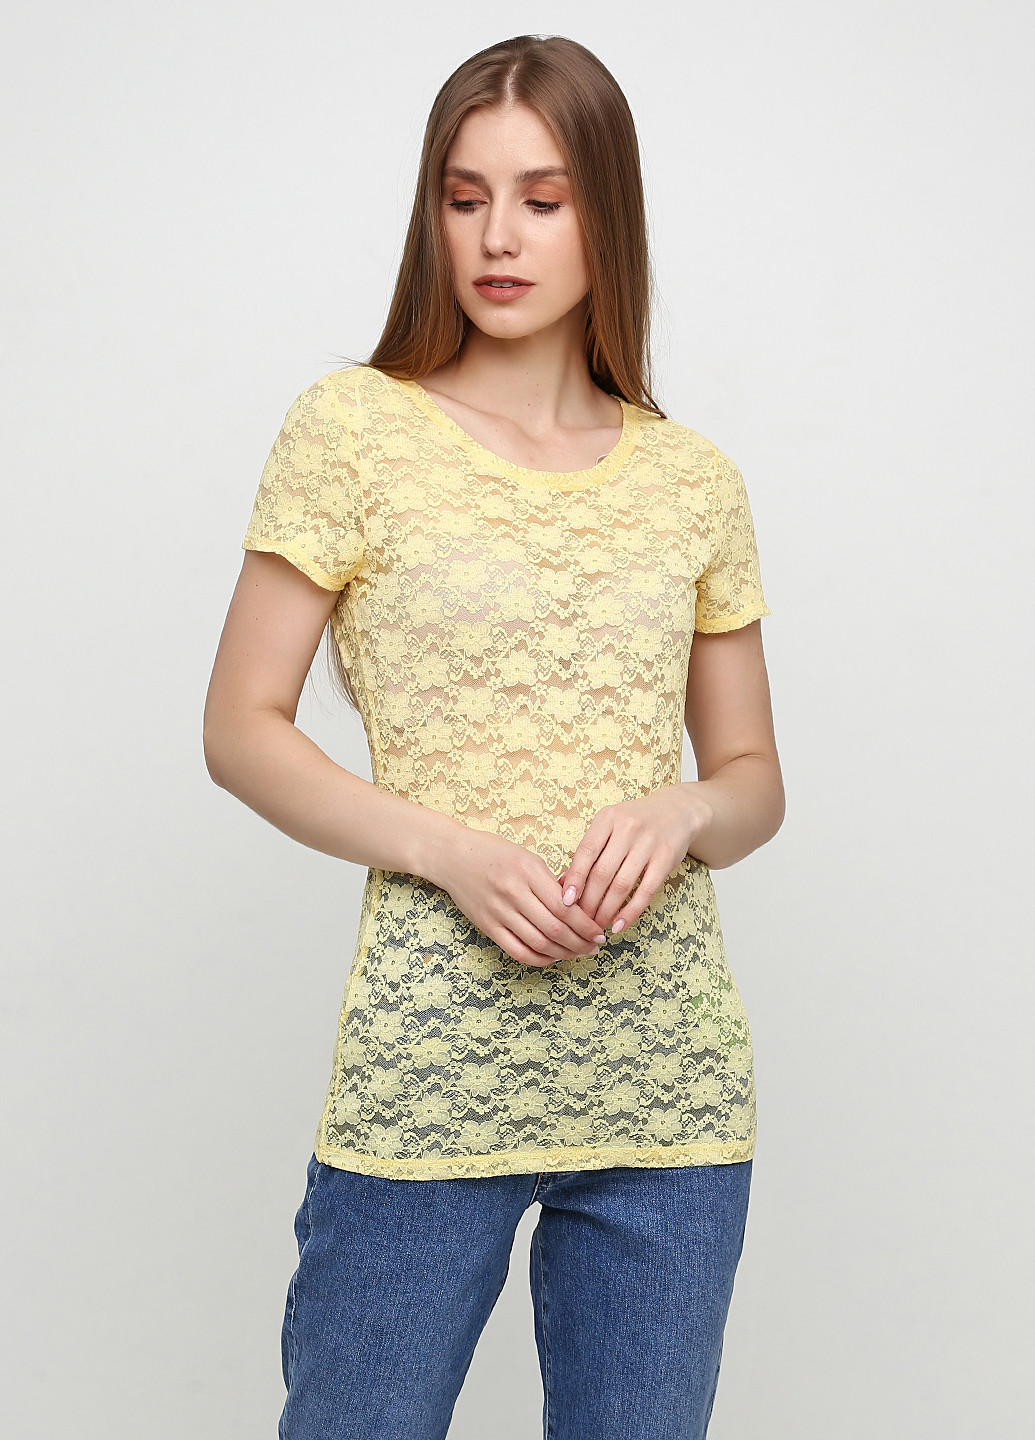 Жовта літня футболка H&M
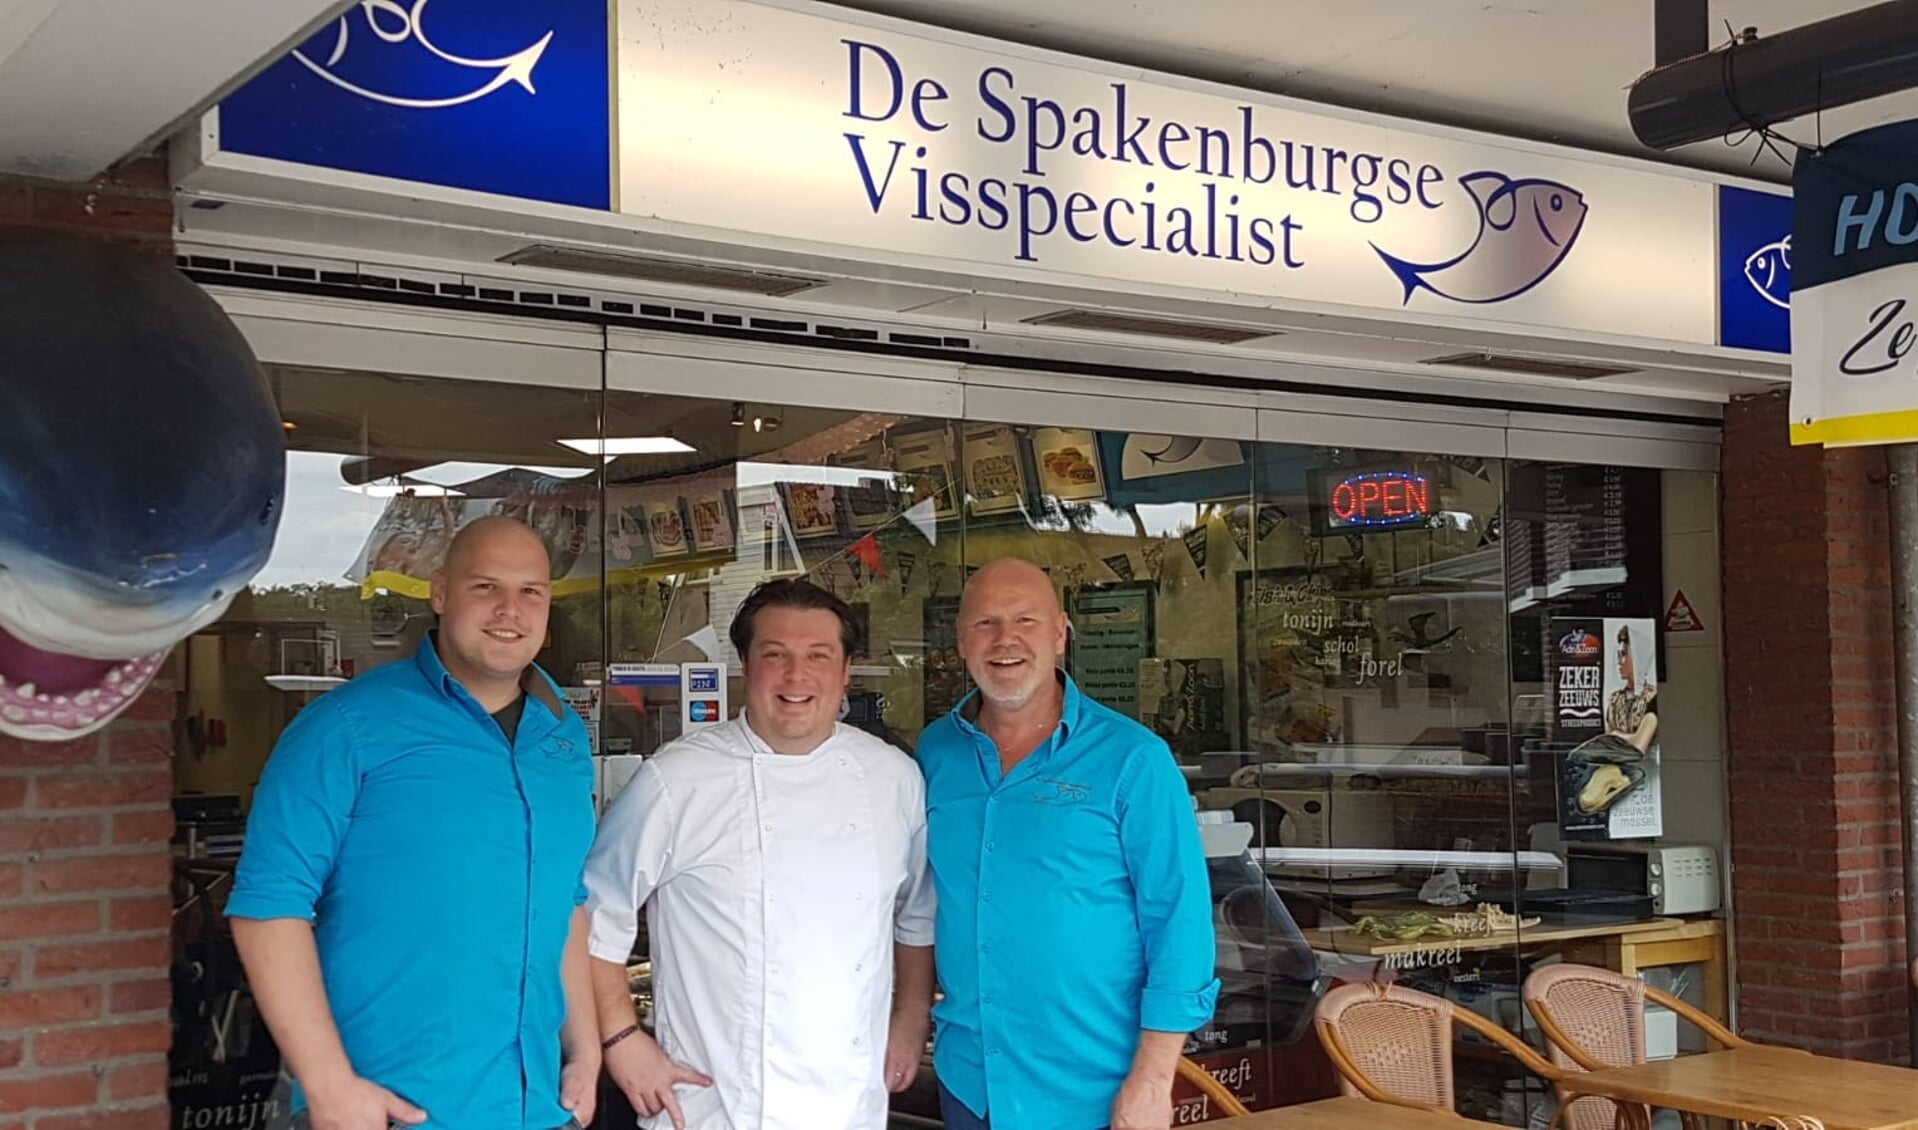 V.l.n.r. Bart Bos, Frederick van Emstede en Bertus Bos voor de deur van De Spakenburgse Visspecialist.  
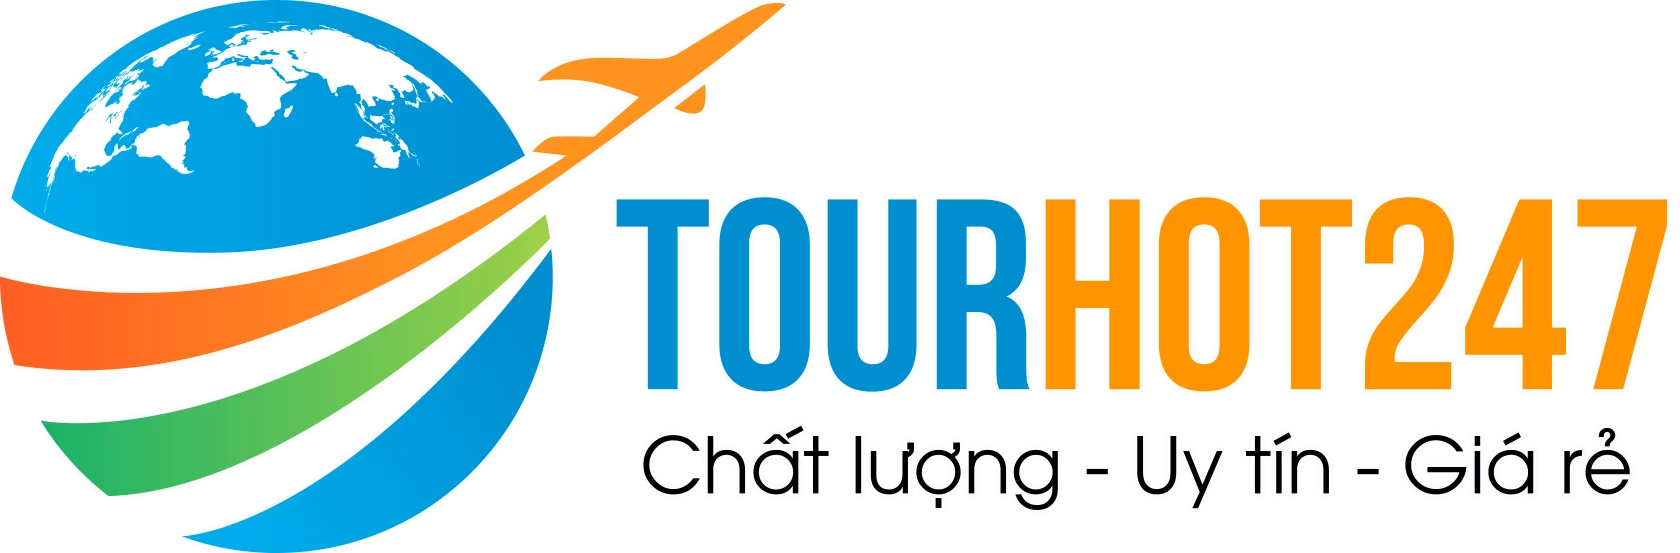 Tourhot247.com – Chuyên tour chất lượng – Uy tín – Giá rẻ
-------------------------
INSTRUCTIONS FOR THE TASK:
Extract, word for word, every line from the one holding "V.l.n.r. Bart Bos, Frederick" through the closing line of the data above. Do not include any pictures.

RESULT OF THIS TASK:
 V.l.n.r. Bart Bos, Frederick van Emstede en Bertus Bos voor de deur van De Spakenburgse Visspecialist.  
 Tourhot247.com – Chuyên tour chất lượng – Uy tín – Giá rẻ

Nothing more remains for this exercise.